Hooray, for Prostate Cancer!
In fact, they may actually be reducing their chances of getting prostate cancer altogether according to the latest study..."The biggest of it's kind" (and if that statement doesn't load a shot in your chamber than I don't know what will!) The research team looked at all forms of ejaculation, including sexual intercourse with both women and men (btw...I think it's great that cancer doesn't sexually discriminate against homosexual men), masturbation, or nocturnal emissions. Now THERE'S a research laboratory that I wouldn't want to work in! Slippery floors, sticky magazines in the lobby, stains on the ceiling, the sound of slapping flesh resonating through the halls like a herd of sea lions tap dancing.
Studies have shown that men would have to ejaculate at least 13 times a month over their lifetimes in order to achieve a significant decrease in their chances of contracting prostate cancer. My head is immediately spinning over my own mental calculations regarding my own personal ejaculate statistics: "let's see, 32 times a day...7 days a week...365 calendar days a year...minus the leap year..." HELL! I just may be the healthiest person alive on the planet!! Shit, my "nocturnal emissions" alone by the time I was 16 would have been enough to sink the Titanic! I'd even go so far as to say that cancer may even owe me a little "in lieu" time for going above and beyond the call of duty. Wouldn't that be sweet? "Mr. Nash, because of your continuing generous efforts in the way of your multiple ejaculations over the years, we have decided to add on an extra 3 years to your life. Congratulations!"

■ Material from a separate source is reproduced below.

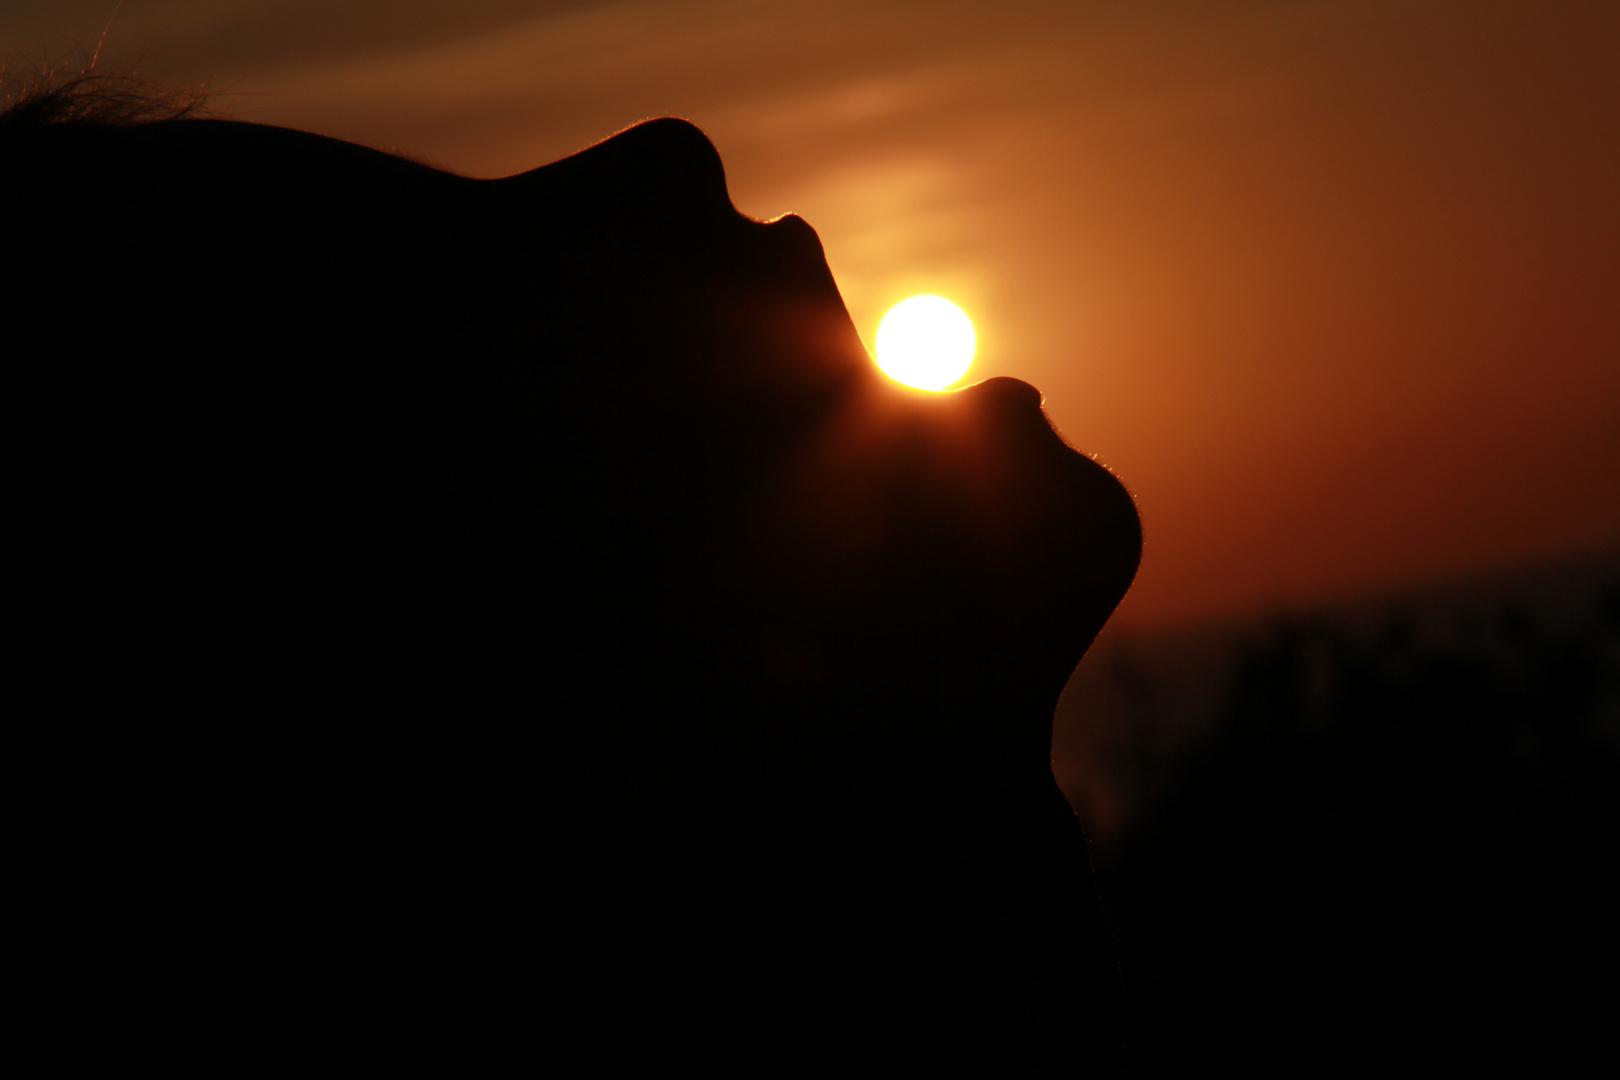 Die Sonne im Mund

However, researchers also say that studies may be flawed since the results were based on the memories of older men and then only projected ejaculation statistics were made based on these claimed ejaculation habits as young males. Pardon? I can't remember how many times I beat off yesterday (probably a dozen times alone during the latest Maybeline television advert), much less thirty or forty years later! All I know is that if this is the case, Im going to continue spanking the weasel with all the voraciousness of Paul Reubens at the Adult Video Hot dHors Awards.
I can't wait until this research laboratory releases the findings of it's other ongoing studies: "Anal Sex Makes you SMARTER!", "Blowjobs Prevent Extreme Halytosis!", and "Tit Fucking Increases Your IQ!"